▶ [PROMPT]
Restate the data word for word and leave the images out.

▶ [GIVEN DATA]

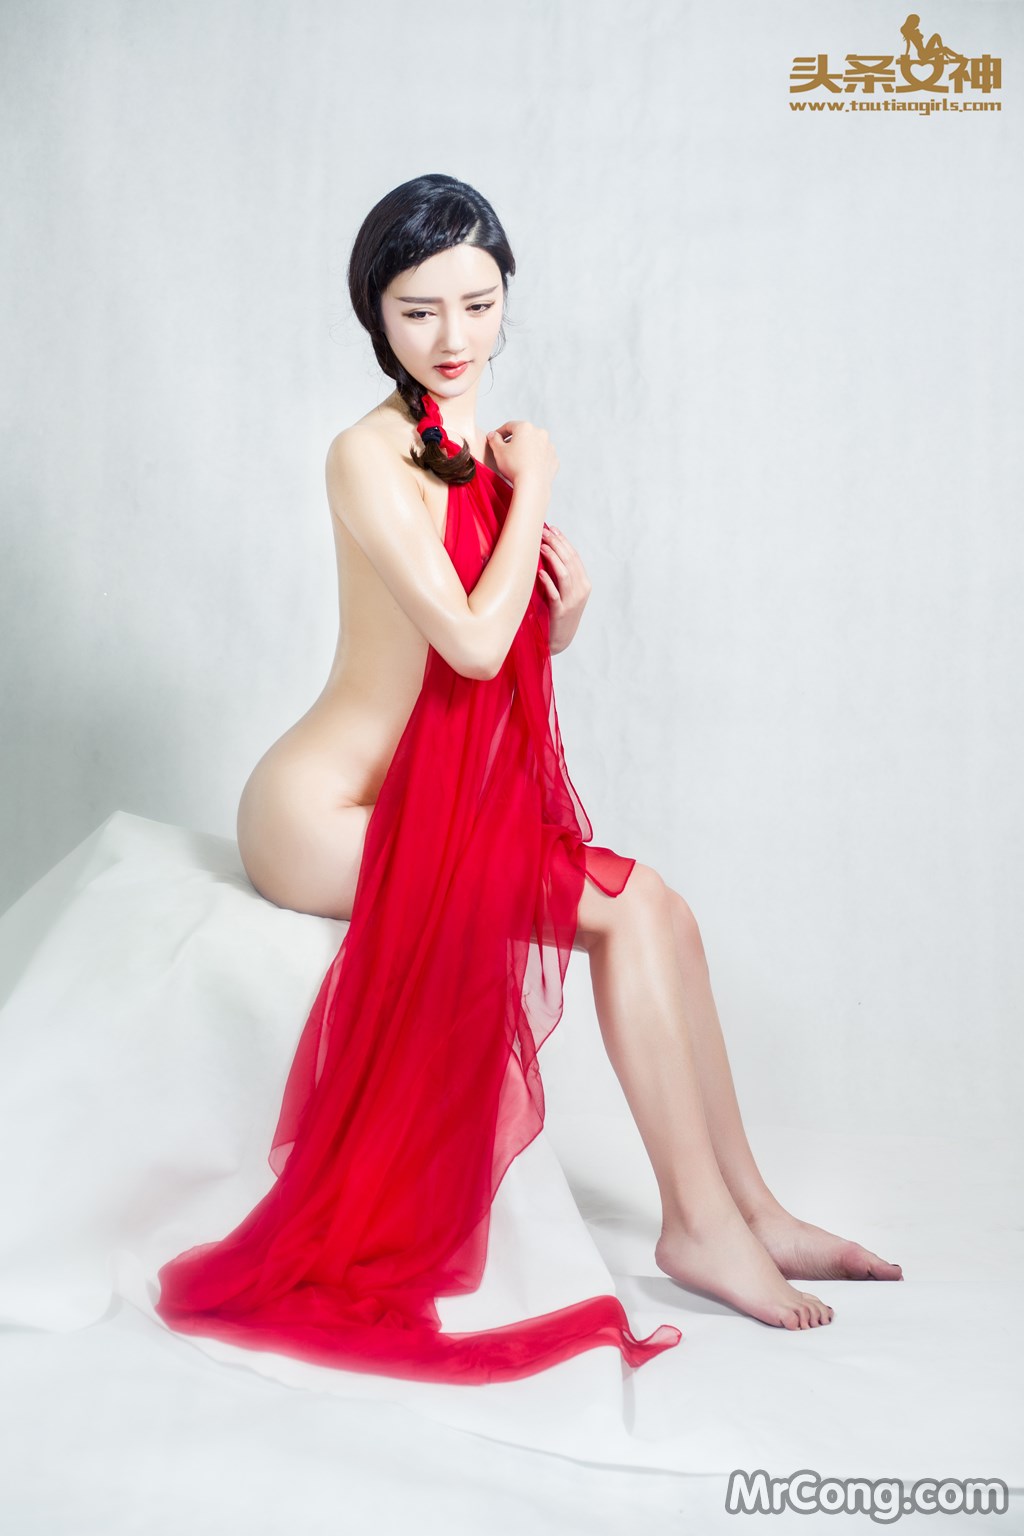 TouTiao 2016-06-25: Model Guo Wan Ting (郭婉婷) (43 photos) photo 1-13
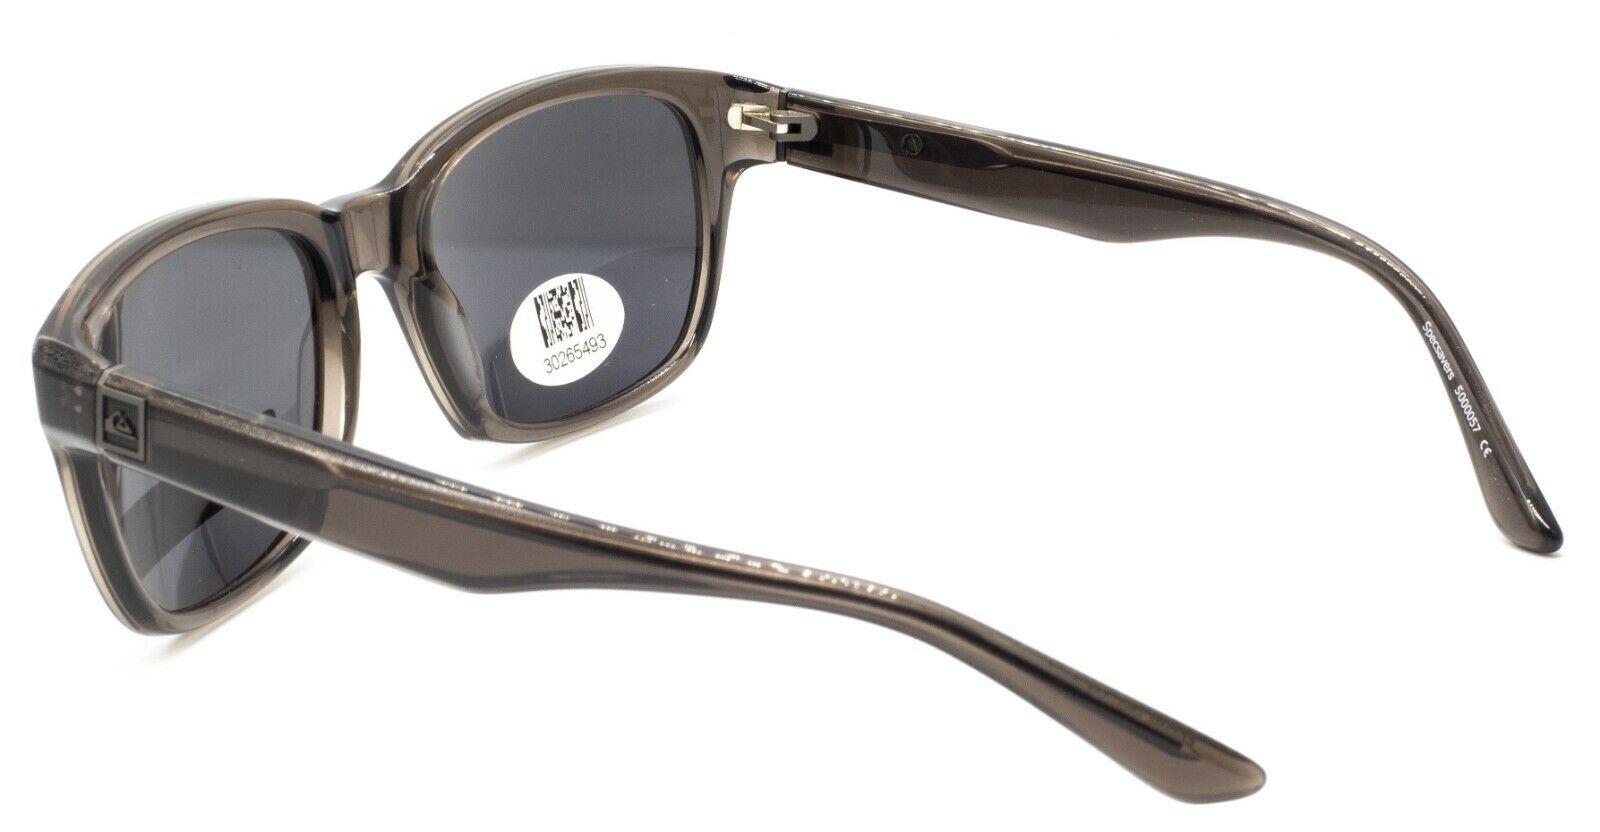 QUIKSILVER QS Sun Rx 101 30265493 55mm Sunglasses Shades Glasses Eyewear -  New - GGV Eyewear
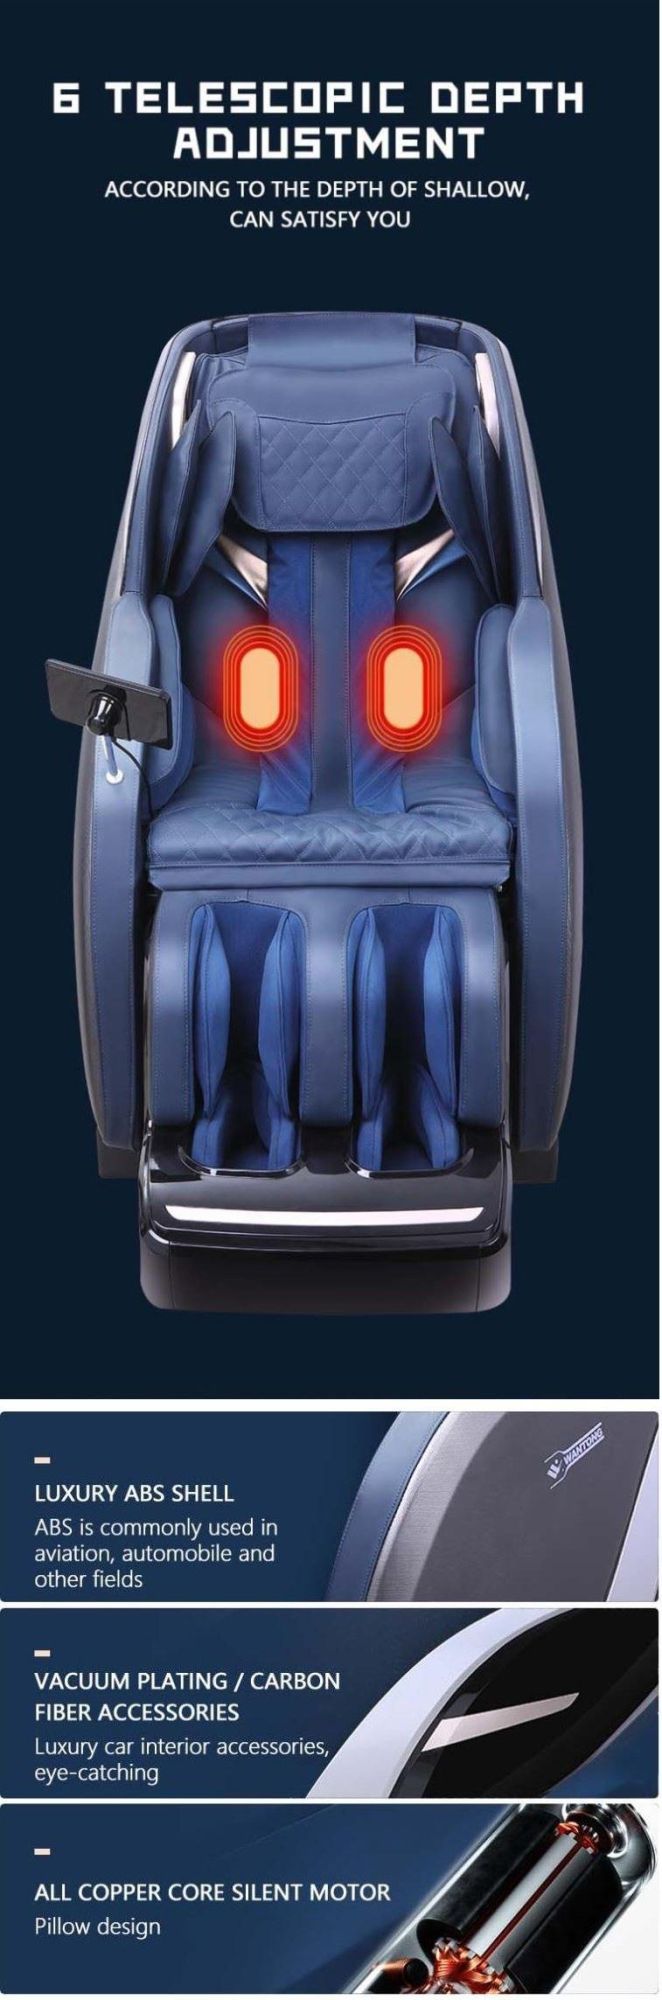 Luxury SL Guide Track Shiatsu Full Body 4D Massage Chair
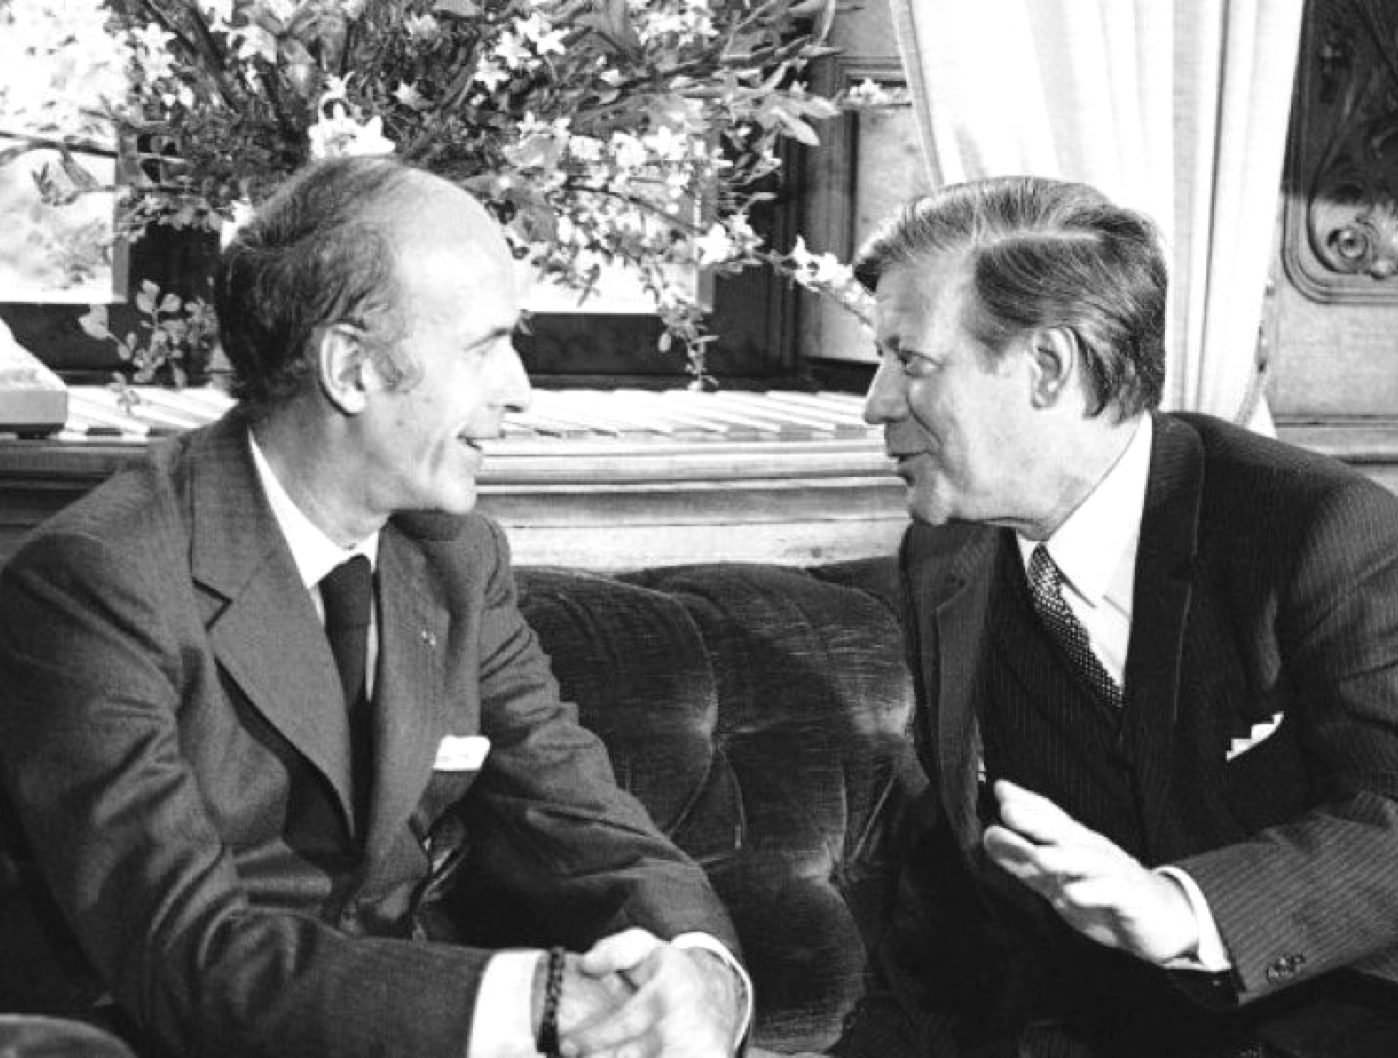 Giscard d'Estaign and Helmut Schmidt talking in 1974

▶ [RESULT OF THIS EXERCISE]
 TouTiao 2016-06-25: Model Guo Wan Ting (郭婉婷) (43 photos) photo 1-13
 QUIKSILVER QS Sun Rx 101 30265493 55mm Sunglasses Shades Glasses Eyewear -  New - GGV Eyewear
 Luxury SL Guide Track Shiatsu Full Body 4D Massage Chair
 Giscard d'Estaign and Helmut Schmidt talking in 1974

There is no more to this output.